L’argent, le moteur des marchés
Contradictory Fed
26 mars 2025 par Simon Ward
The Fed’s economic forecasts are inconsistent with the suggestion of a 50 bp cut in rates by year-end, according to a model of its historical behaviour.
The model assesses the probability of the Fed being in tightening or easing mode in a particular month based on currently reported and lagged values of core PCE inflation, the unemployment rate and the ISM manufacturing delivery delays indicator. Despite the small number of inputs, the model does a satisfactory job of “explaining” the Fed’s past actions – see chart 1.
Chart 1
The model predicted that the Fed would hold in March with a slight tightening bias – the probability reading rose to just above the 0.5 neutral level, having previously been in the easing zone.

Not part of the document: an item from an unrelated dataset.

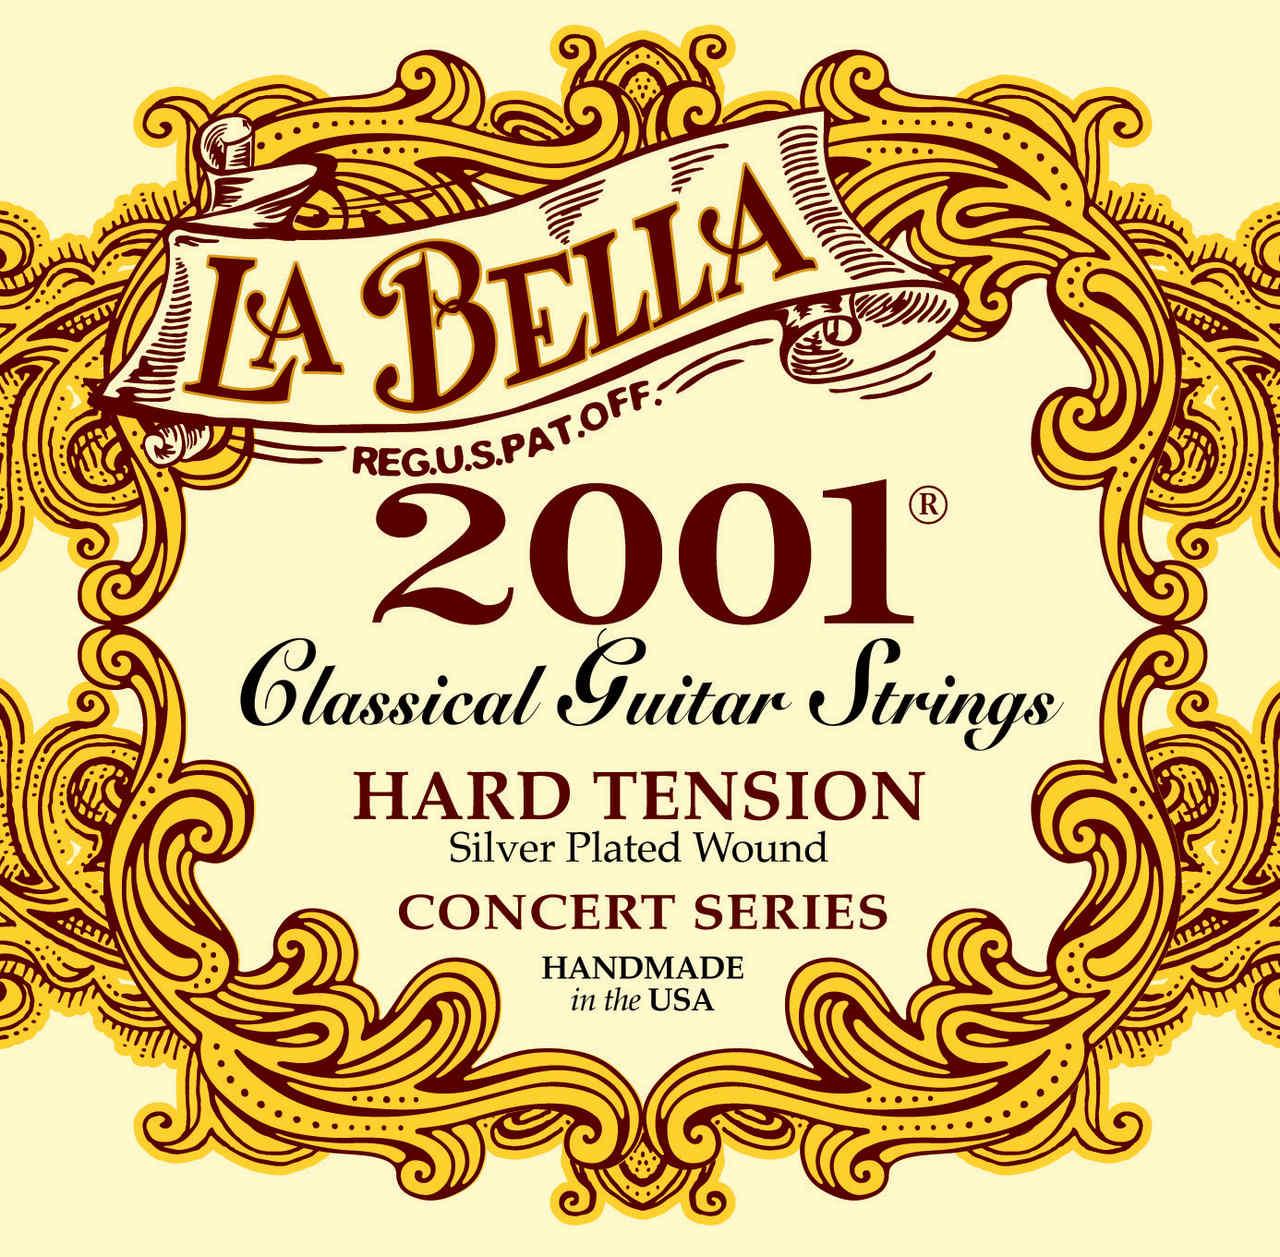 Encordoamento Labella para Violão Nylon 2001 HARD

The FOMC median projections for core PCE inflation and the unemployment rate in Q4 2025 were raised to 2.8% and 4.4% respectively this month, from 2.5% and 4.3% in December. Assuming a smooth progression to these values, the model signals a greater chance of tightening than easing over the remainder of the year – chart 2.
Chart 2
The suggestion is that inflation and / or labour markets news will need to surprise significantly to the downside to warrant the 50 bp cut in rates by year-end implied by the median dot.

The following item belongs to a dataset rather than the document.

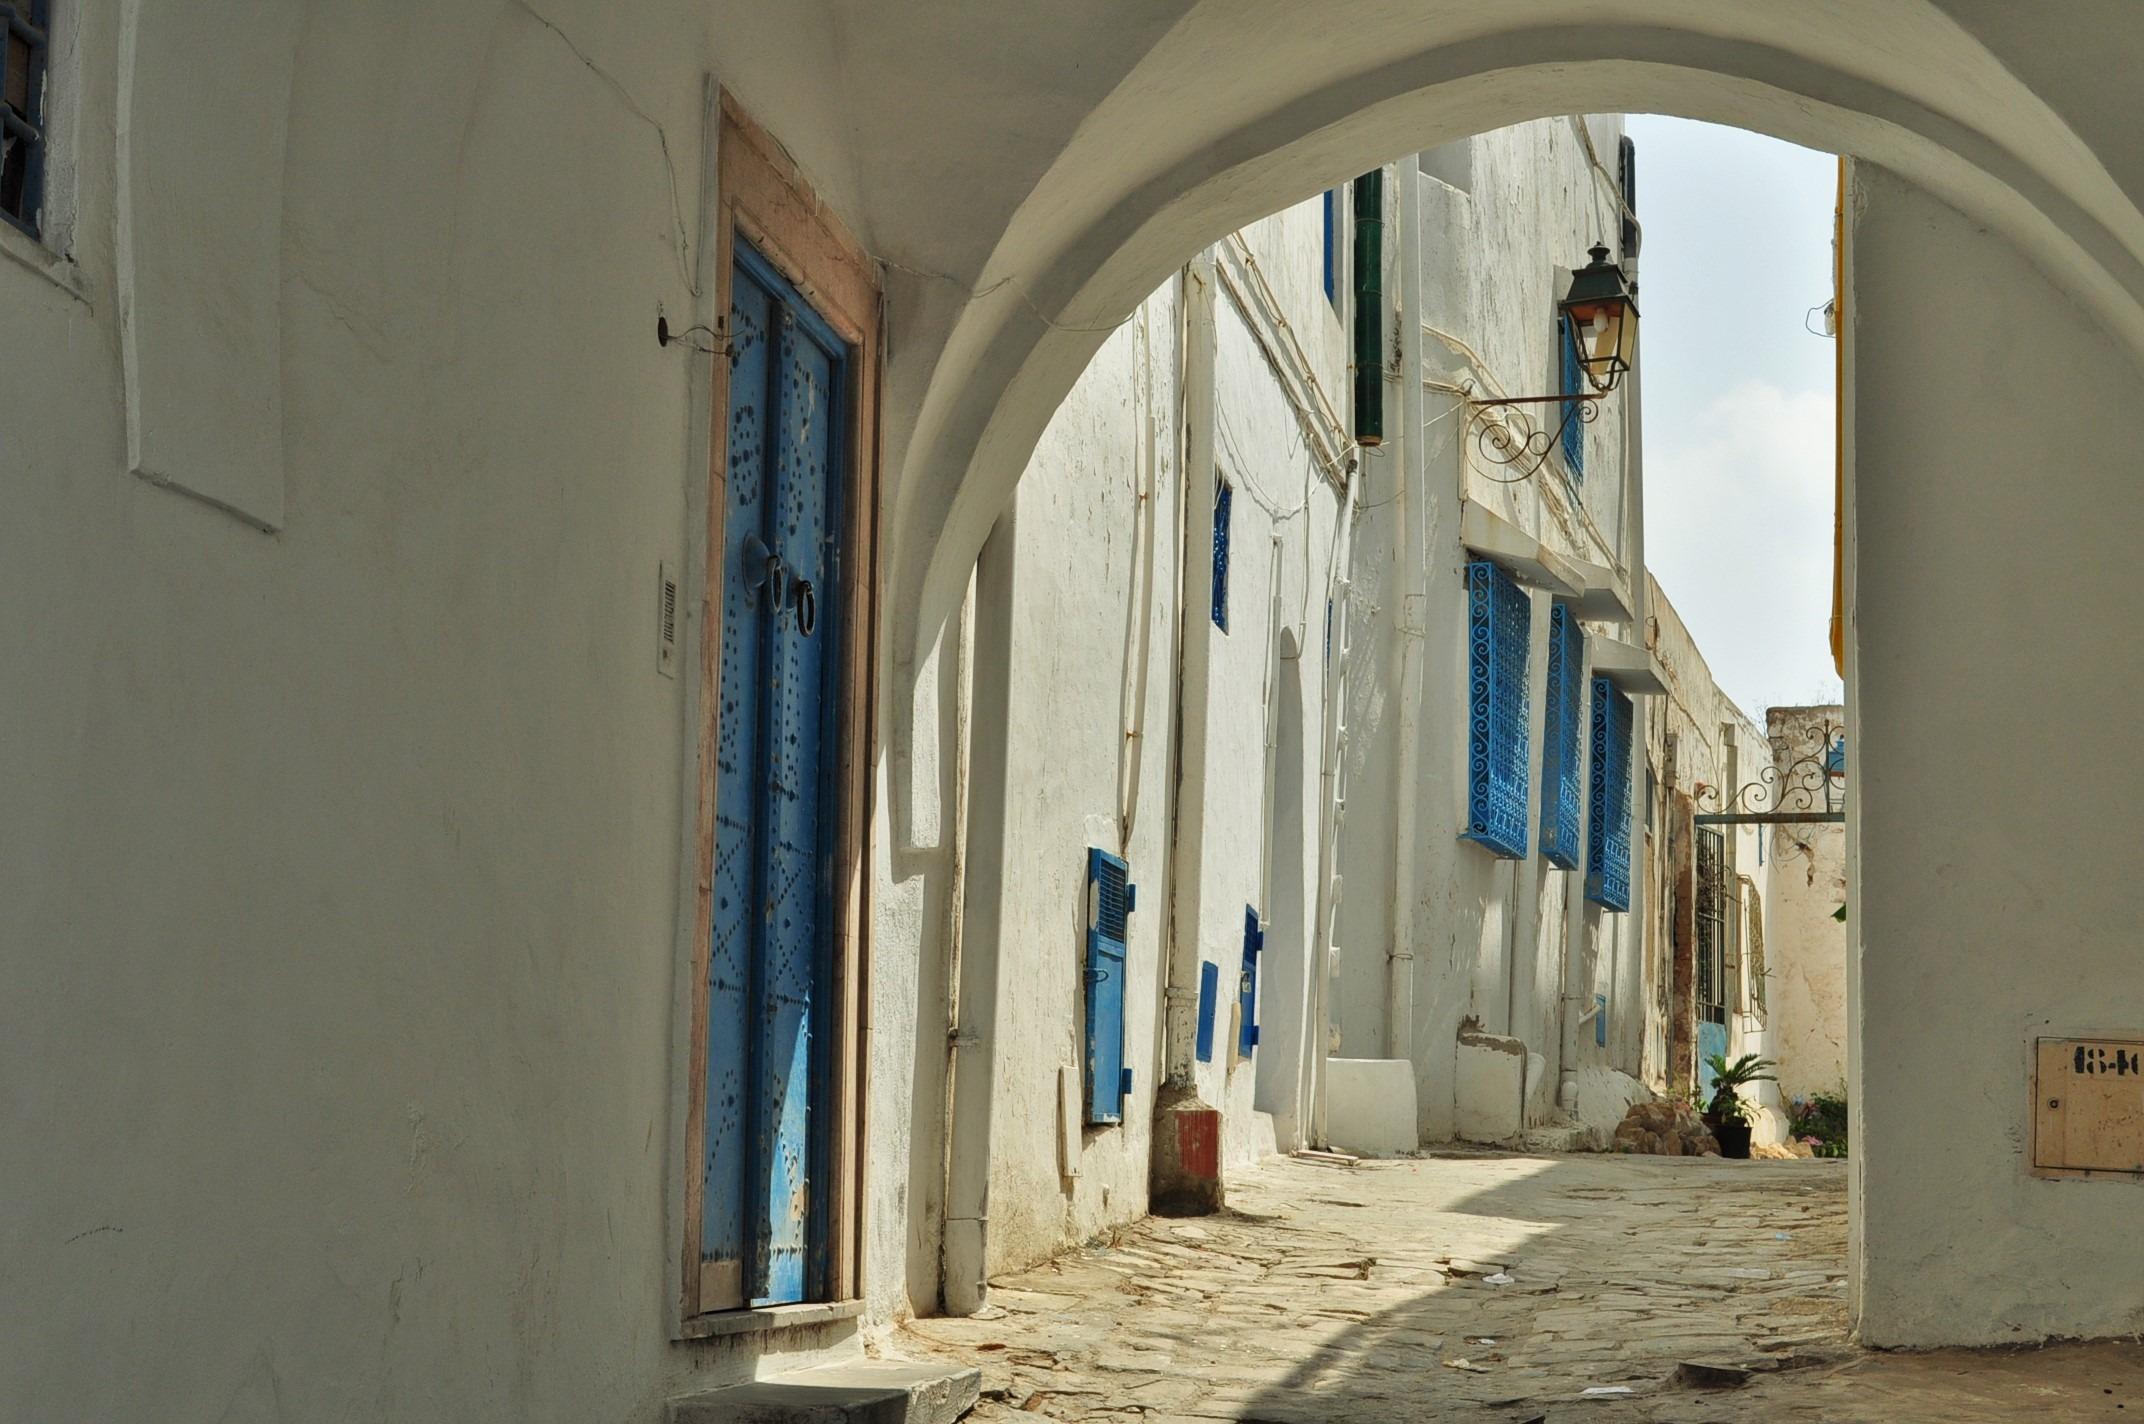 Намира се на хвърлей от столицата Тунис. Приказната му атмосфера се дължи на белите къщури с боядисаните в андалуско синьо балкони, еркери, врати и пр., по настояване на френски барон , живял тук през 20-те години на 20 век

Chart 3 shows the model prediction in an alternative scenario in which the unemployment rate and core inflation move to 4.7% and 2.5% in Q4. The probability reading remains above 0.5 into the summer but falls back into the easing zone at end-Q3.
Chart 3
The Fed’s projection of a 4.4% unemployment rate in Q4 implies only a 0.17 pp rise relative to a recent (November) high. An indicator of labour market weakness from the Conference Board consumer survey rose further in March and is almost back to its January 2021 level, when the jobless rate excluding temporarily laid-off workers was more than 1 pp higher than now – chart 4.